Optimal operation of the intake valve/exhaust valve, however, depends on the RPM of the engine. That is, an appropriate time for lifting or opening/closing the valves depends on the RPM of the engine. In order to implement an appropriate valve operation in accordance with the RPM of the engine, as described above, a VVL (Variable Valve Lift) apparatus that operates valves at different lifts in accordance with the RPM of an engine has been studied and employed.
Meanwhile, in a variable valve lift apparatus having a cam shift type which is configured that a plurality of cams are designed for driving a valve and the plurality of cams is moved along an axial direction, it is important that relative position between the plurality of cams and a valve opening/closing unit is exactly controlled.
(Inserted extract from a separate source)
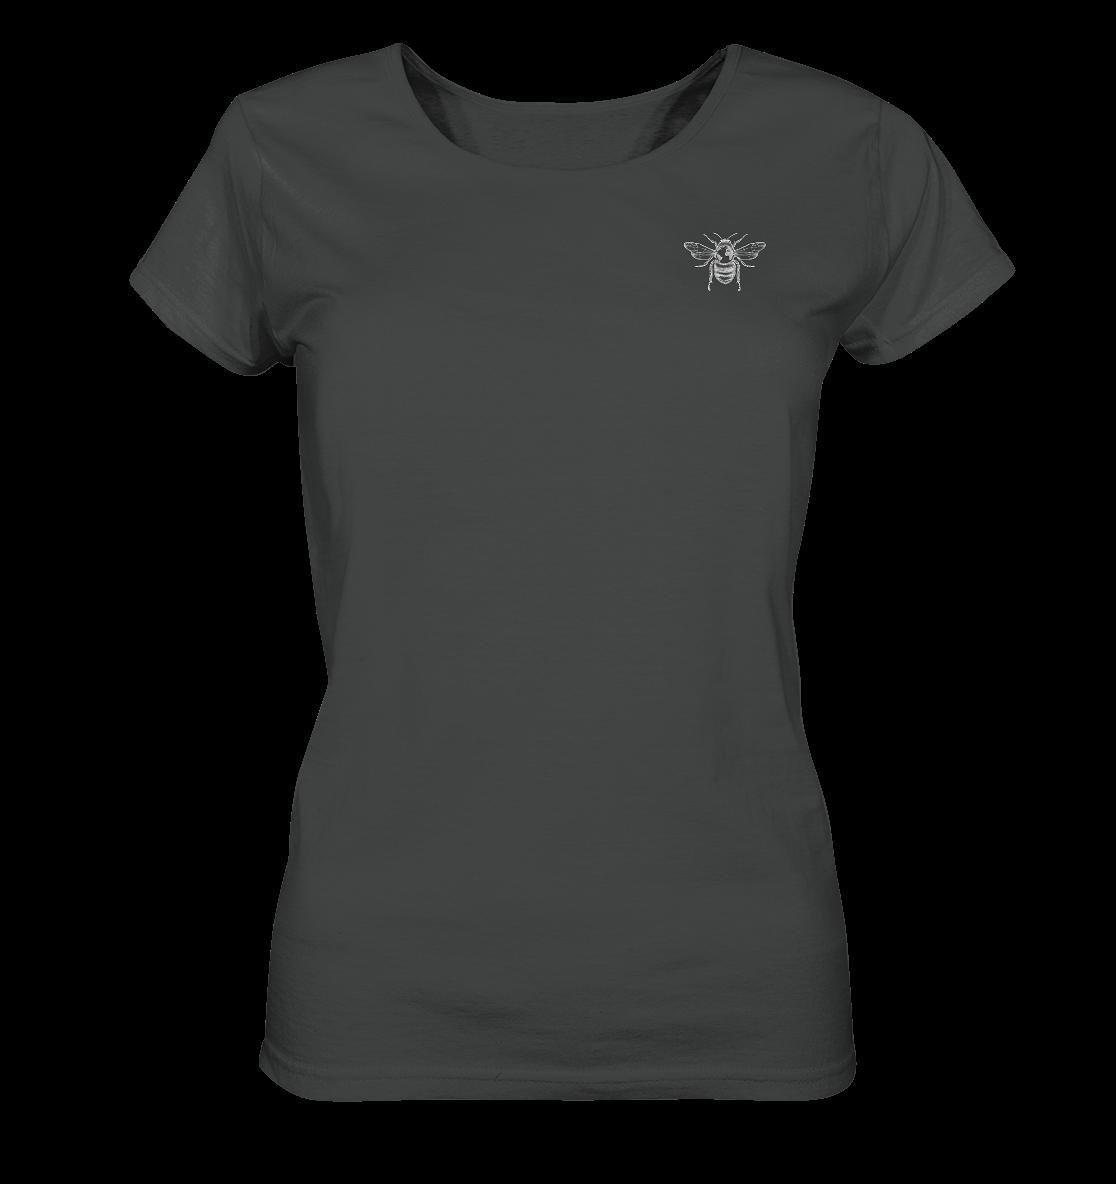 front-ladies-organic-shirt-444545-1116x.png

In a case that relative position between the plurality of cams and a valve opening/closing unit is not exactly controlled, interference may occur between elements for guiding axial direction motion of the plurality of cams and the valve opening/closing unit or between the plurality of cams and the valve opening/closing unit. Thus, the valve opening/closing unit or the variable valve lift apparatus may be damaged, or reliability of a cam shift may be deteriorated.
The above information disclosed in this Background section is only for enhancement of understanding of the background of the disclosure and therefore it may contain information that does not form the prior art that is already known in this country to a person of ordinary skill in the art.
SUMMARY
The present disclosure has been made in an effort to provide a multiple variable valve lift apparatus having advantages of preventing interference between constituent elements and improving reliability of a cam shift.
A multiple variable valve lift apparatus according to an exemplary embodiment of the present disclosure may include: a first moving cam formed in a hollow cylindrical shape into which a camshaft is inserted, the first moving cam provided to rotate together with the camshaft and move in an axial direction of the camshaft, and configured to form a first cam guide protrusion and a plurality of cams realizing different valve lifts relative to each other; a second moving cam formed in a hollow cylindrical shape into which a camshaft is inserted, the second moving cam provided to rotate together with the camshaft and move in an axial direction of the camshaft, and configured to form a second cam guide protrusion and a plurality of cams realizing different valve lifts relative to each other; a first operating unit for selectively guiding the first cam guide protrusion so as to move the first moving cam in a first direction; a second operating unit for selectively guiding the second cam guide protrusion so as to move the second moving cam in a second direction; a controller for controlling operations of the first operating unit and the second operating unit; and a valve opening/closing unit for contacting with any one cam of the plurality of cams so as to open/close a valve.
At least two pins may be respectively disposed at the first operating unit and the second operating unit so as to guide the first cam guide protrusion and the second cam guide protrusion, and an interference preventing pin, which may be one of the pins, may be formed to have a relatively large diameter in comparison with the other pin.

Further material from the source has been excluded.